Now the implications of my remarks thus far are that policy rates will likely be lower for longer. This naturally raises concerns about financial stability. In such a low rate environment, investors could reach for yield, asset markets could inflate, and the banking and broader financial system might find itself ill prepared to cope should the economy falter.

While these risks cannot be dismissed, it is not at all clear that conventional monetary policy is the best way to mitigate them. Interest rates are a blunt tool. Moving them to combat financial imbalances has limited upsides and potentially significant downsides, such as derailing an expansion and leaving us short of our maximum employment and price stability goals.14

Other, better methods include tools directly targeted on the financial system. Over the past decade, regulators around the globe have developed and strengthened a suite of micro and macro prudential programs designed to keep financial firms well capitalized over the business cycle.15 In the United States, these include capital and liquidity stress-testing and tools like the countercyclical capital buffer and the stress capital buffer. The Fed also has the power to restrict banks from paying dividends or doing share buybacks when capital could be at risk, as recently executed in response to the pandemic.  
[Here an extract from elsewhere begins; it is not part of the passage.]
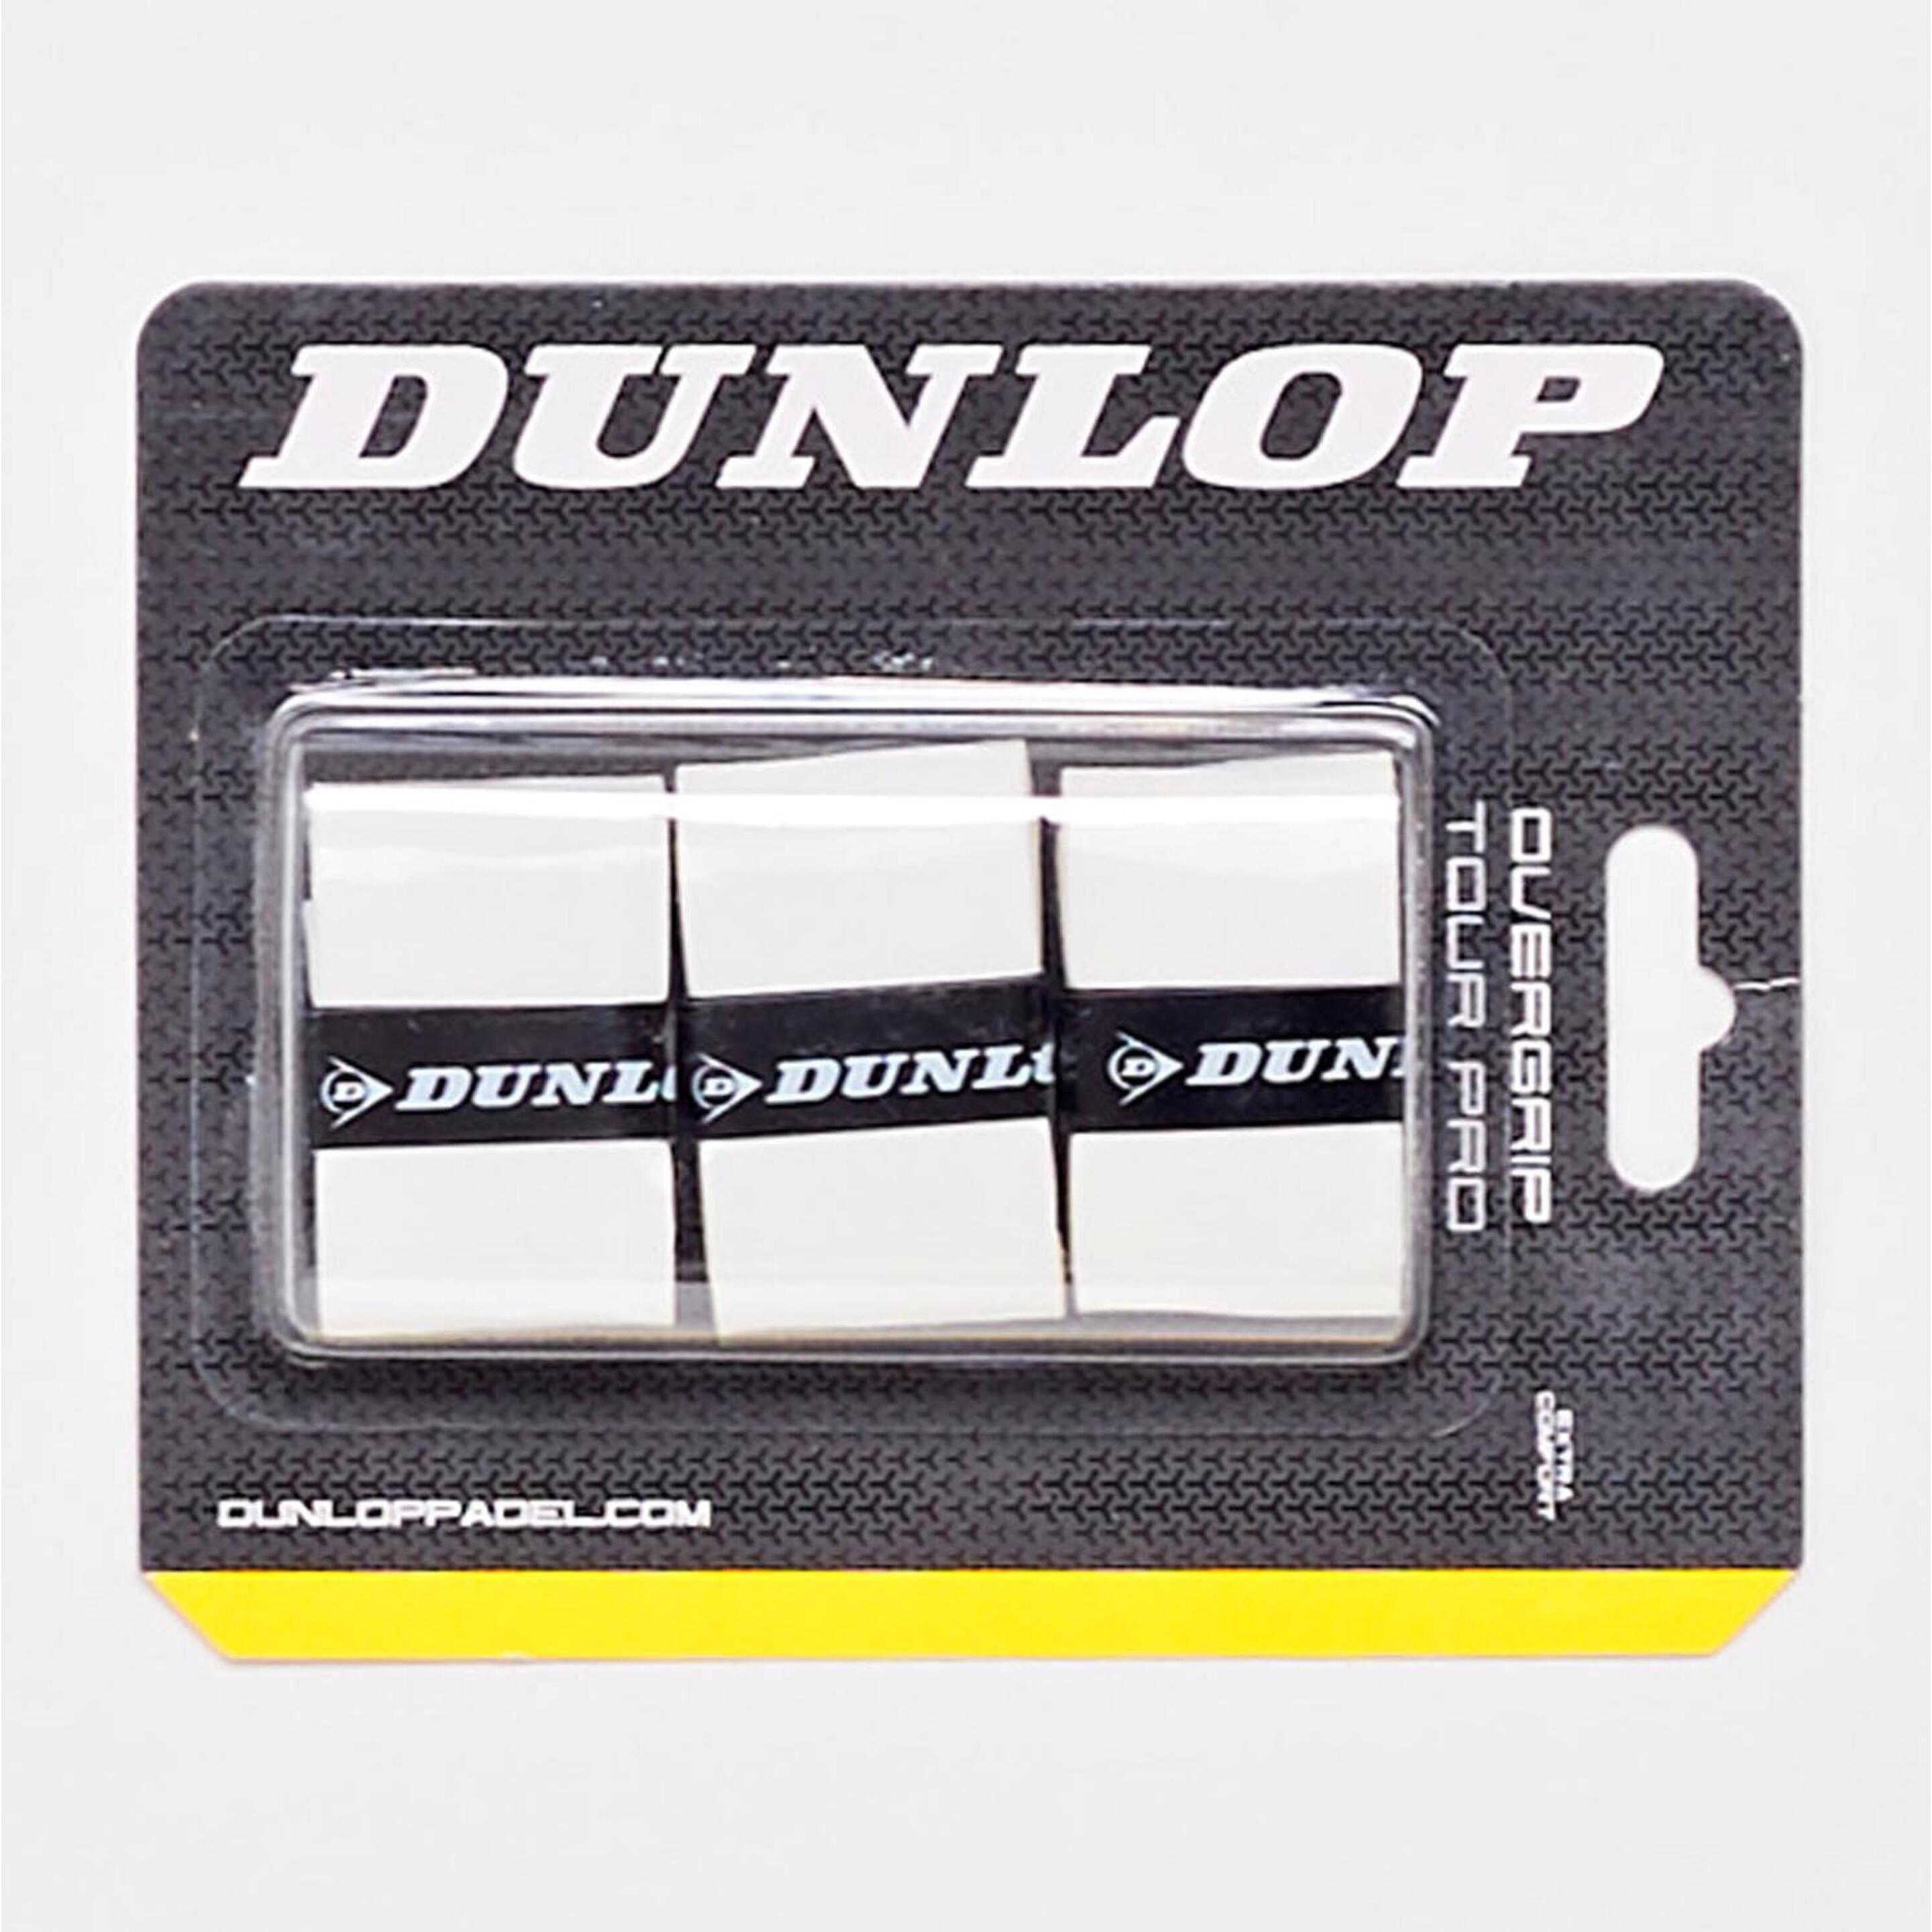 Dunlop Tour Pro

All of these policies are built on the recognition that well-capitalized banks are critical to a healthy financial system and that the best capital banks can get is the capital that they already have. 
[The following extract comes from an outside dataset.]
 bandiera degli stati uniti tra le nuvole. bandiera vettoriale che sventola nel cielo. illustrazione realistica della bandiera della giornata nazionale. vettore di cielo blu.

In coming years, we will need to continue to build out and strengthen our suite of tools to further mitigate risk. The financial system and the economy are constantly changing, and regulatory principles and supervisory approaches must evolve to keep pace. It’s easy to see where more may be needed. A growing share of financial intermediation in the U.S. takes place outside of the formal banking system. Understanding this evolution and how it impacts financial stability is critical.16 The rising frequency of devastating weather events also demands attention. It highlights the need for further work on climate risk and how it will affect the financial system and the broader economy.17

Ensure that our work helps everyone

Finally, we will need to do more to ensure that the benefits of low interest rates and rising asset valuations can spread widely throughout the economy.

The COVID-19 response made it clear that our interest rate policies and lending programs do not reach everyone equally. Many businesses and households are outside of the traditional banking system and do not have the same opportunities to refinance or initiate loans.18 We’ve heard repeatedly in the 12th District and across the country that these differences hampered the pandemic relief, slowing its delivery to many in need. 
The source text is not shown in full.